Graphics processing units (GPUs) are specialized microprocessors originally designed for video and rendering. More recently, compute-intensive programs in the life sciences have been ported to GPUs to explore potential performance benefits of their massive compute power.
As part of its role to integrate new technologies into the production environment, the Biowulf staff has installed 16 GPU nodes into the cluster as a pilot project. The purpose of the pilot is to:
- Identify those applications currently available for use with GPUs; evaluate and integrate them into the Biowulf production environent
- Identify those user simulations which will most benefit from running on GPU systems
- Develop or port new applications to run on GPUs
- Determine the cost and energy effectiveness of using GPU technology
Note that running on the GPU nodes is not a guarantee of improved performance. It is vital to run your own benchmarks to determine the effectiveness of using the GPUs. The Biowulf staff is very interested in any GPU benchmarks; please let us know about them at firstname.lastname@example.org.
- 2 x Intel Xeon X5650 (2.67 GHz), each: 6 cores
- 2 x Nvidia M2050 (Tesla Fermi), each: 2.8 GB memory, 448 cores
- 48 GB DDR3 memory
- 450 GB disk (7200 rpm SATA)
- Each node is connected to two networks: QDR Infiniband (32 Gb/s) and 1 Gb/s ethernet.

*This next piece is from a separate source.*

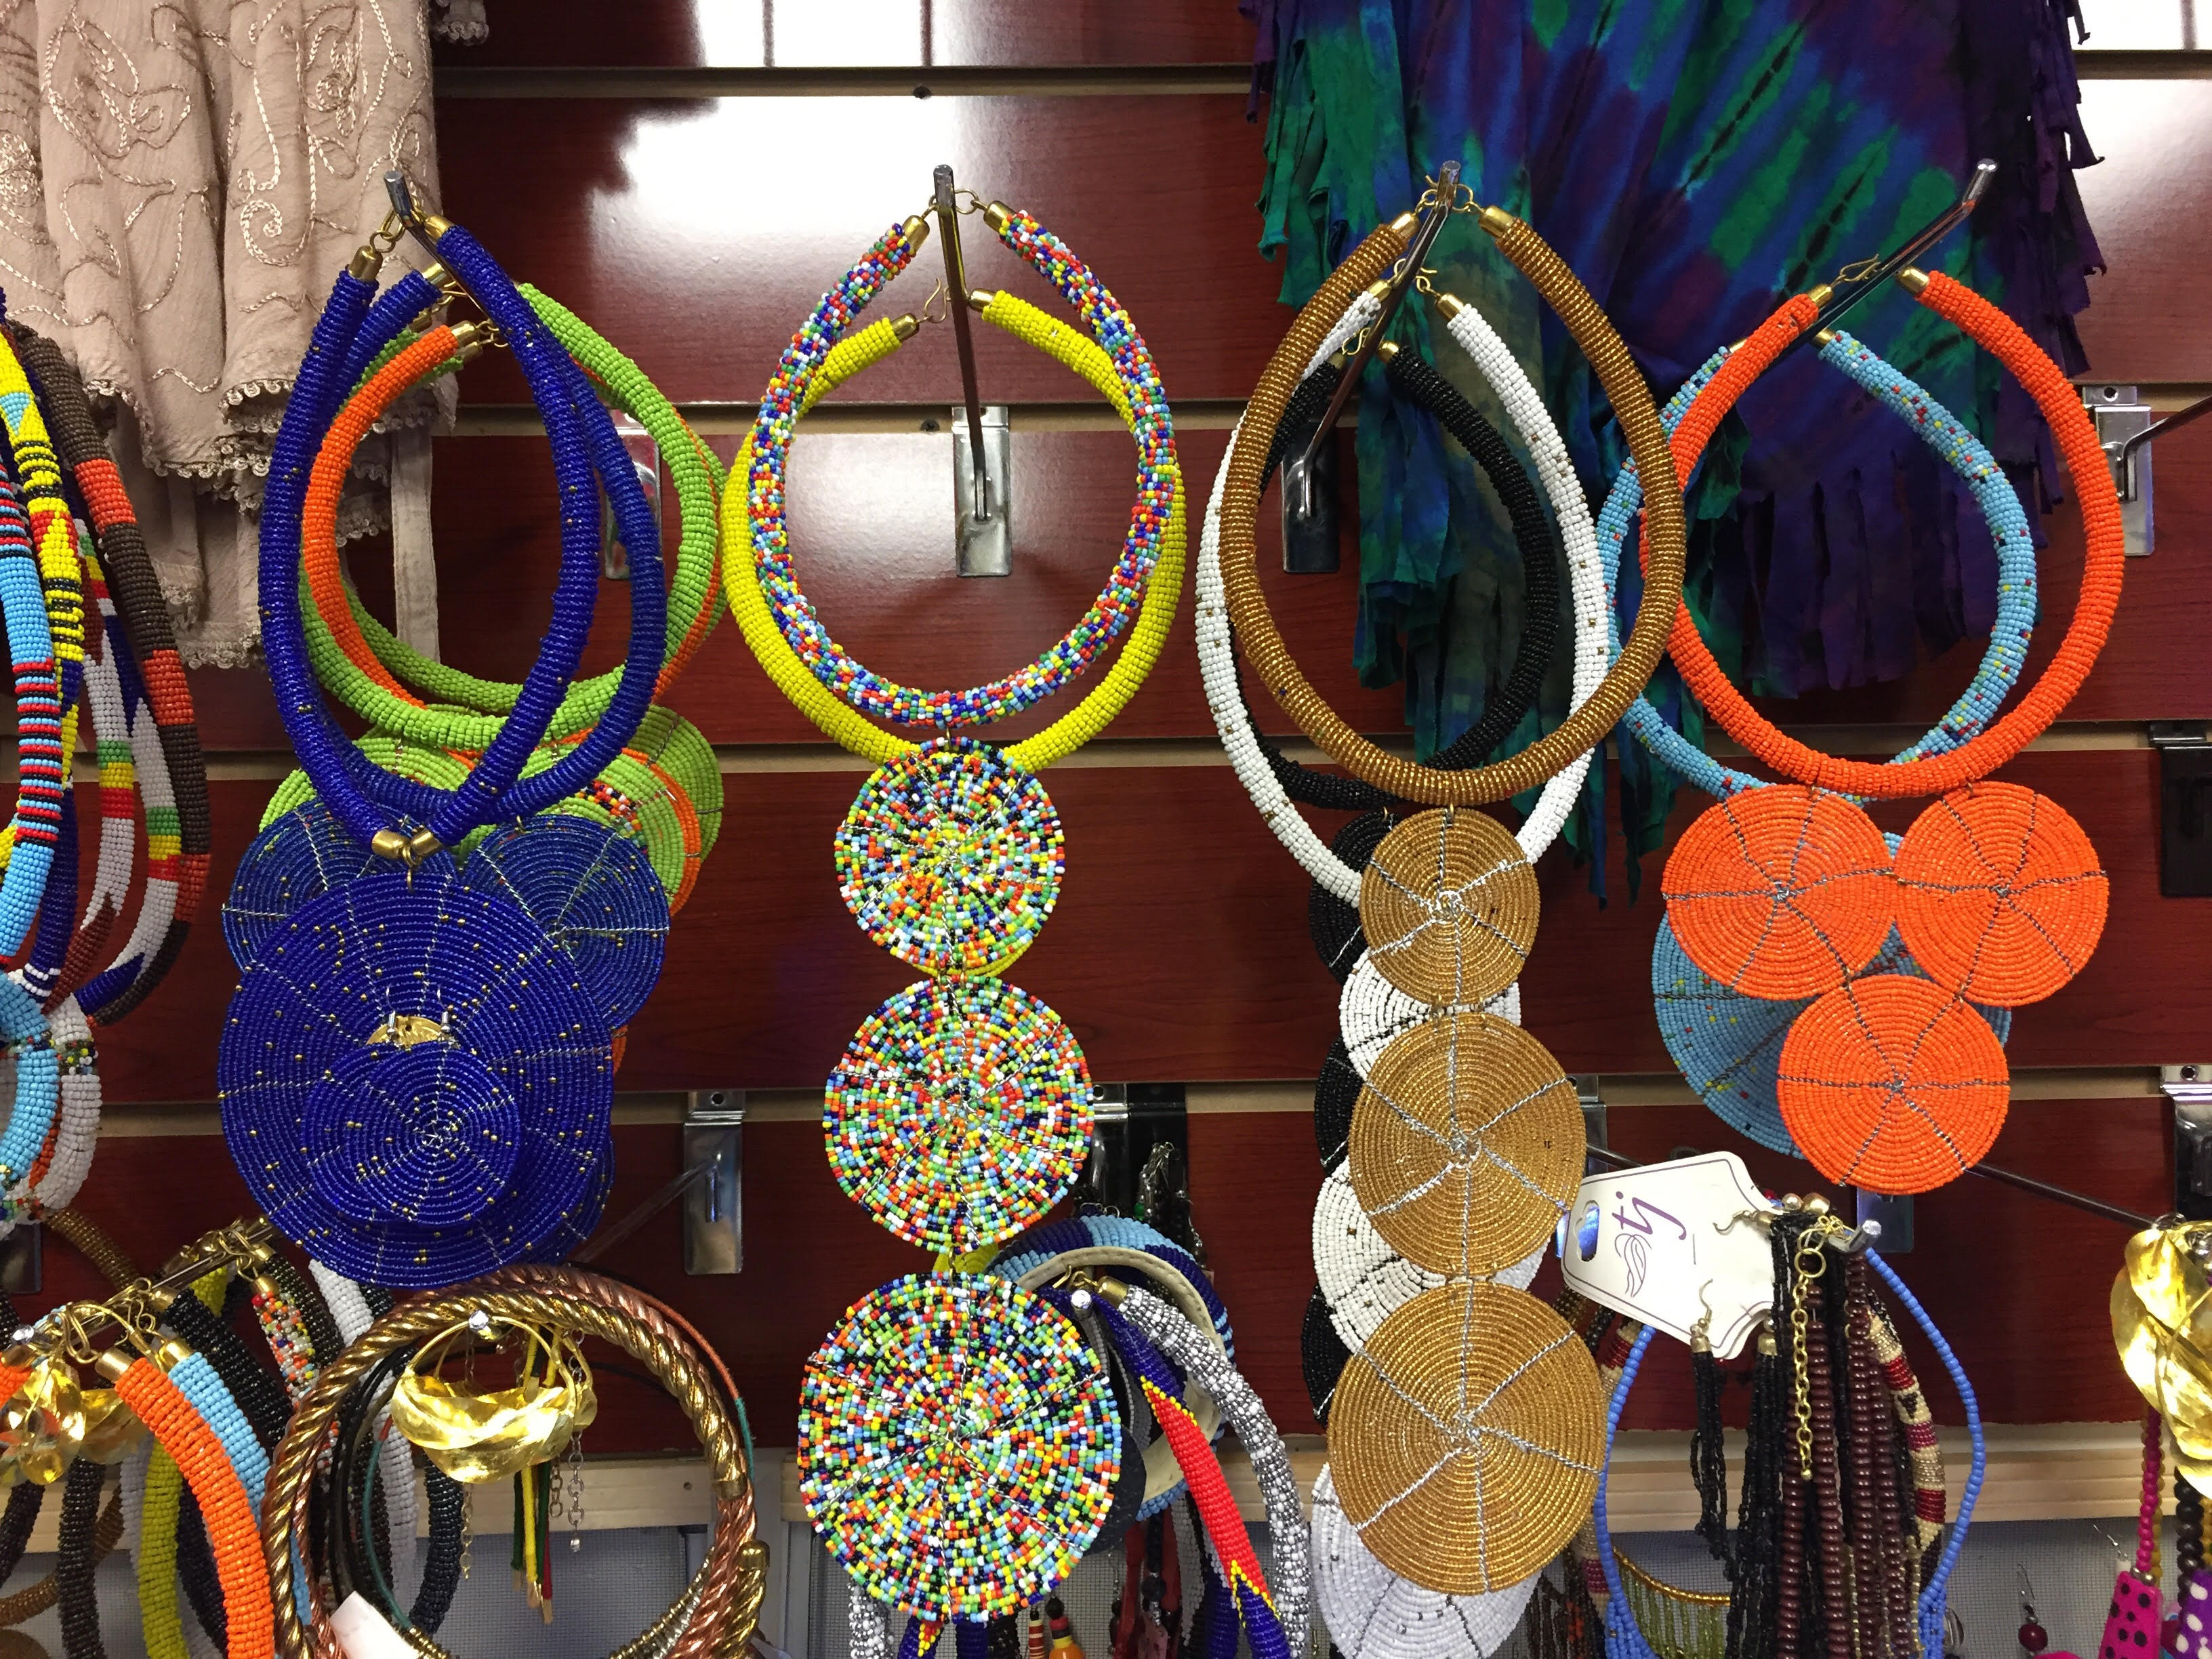 African jewelry and accessories available for purchase at African Kingdom, which opened in October 2018. (Submitted)

- CentOS 5.5 Linux Operating System
- CUDA 4.1
- Nvidia driver 295.33
GPU nodes can be allocated using the "gpu2050" property:
% qsub -l nodes=1:gpu2050 gpujob.bat % qsub -l nodes=4:gpu2050 pjob.batInitial testing or compiling can be done with an interactive session:
% qsub -l nodes=1:gpu2050 -IInteractive sessions on gpu nodes have a maximum walltime of 24 hours, but please log out of interactive sessions as soon as you're finished with them.
There are 32 GPUs in the pilot cluster. Since it is possible (application dependent) to share the GPUs amongst processes running on the Intel Nehalem CPU cores, additional performance may be gained by running with CPU:GPU ratios of 2:1, 3:1 or more. (See the Biowulf NAMD GPU page for an example.) Distributed memory codes may also benefit by running over the Infiniband network instead of gigabit Ethernet.
CPU usage on the GPU nodes can be monitored using the jobload utility, as with other Biowulf batch jobs. There is currently no simple way to monitor the GPU usage.
Software packages that include GPU support via CUDA will likely have configuration or Makefile options for specifying the location of the CUDA SDK. On Biowulf, the default CUDA SDK (which includes the compilers, headers and run-time libraries) is located in /usr/local/CUDA/cuda-4.1/There are several other versions of CUDA available in /usr/local/CUDA. The easiest way to see available versions or use a specific version to build code is by using the module commands.
[user@biowulf ~]$ module avail cuda --------------------- /usr/local/Modules/3.2.9/modulefiles ----------------------- cuda/2.3 cuda/3.0 cuda/3.1 cuda/4.0.17 cuda/4.1 cuda/5.0 cuda/6.5 [user@biowulf ~]$ module load cuda/5.0 [user@biowulf ~]$ module list Currently Loaded Modulefiles: 1) cuda/5.0
Alternatively, you can see the paths set by the module with, for example, 'module display cuda/5.0', and then set them as desired.
Individuals that wish to program their own applications or would like to add GPU support to existing applications will need to learn about how GPU-assisted processing works and will likely want to become familiar with NVIDIA's developer resources portal.
The current CUDA programming guide can be found here.
The architecture-specific (Fermi) GPU tuning guide can be found here.
NVIDIA Performance Primitives
NVIDIA distributes a set of library functions for accelerating processing of image and video data. NPP is installed in /usr/local/nvidia/NPP_SDK, for documentation and downloads you can visit the NVIDIA NPP page.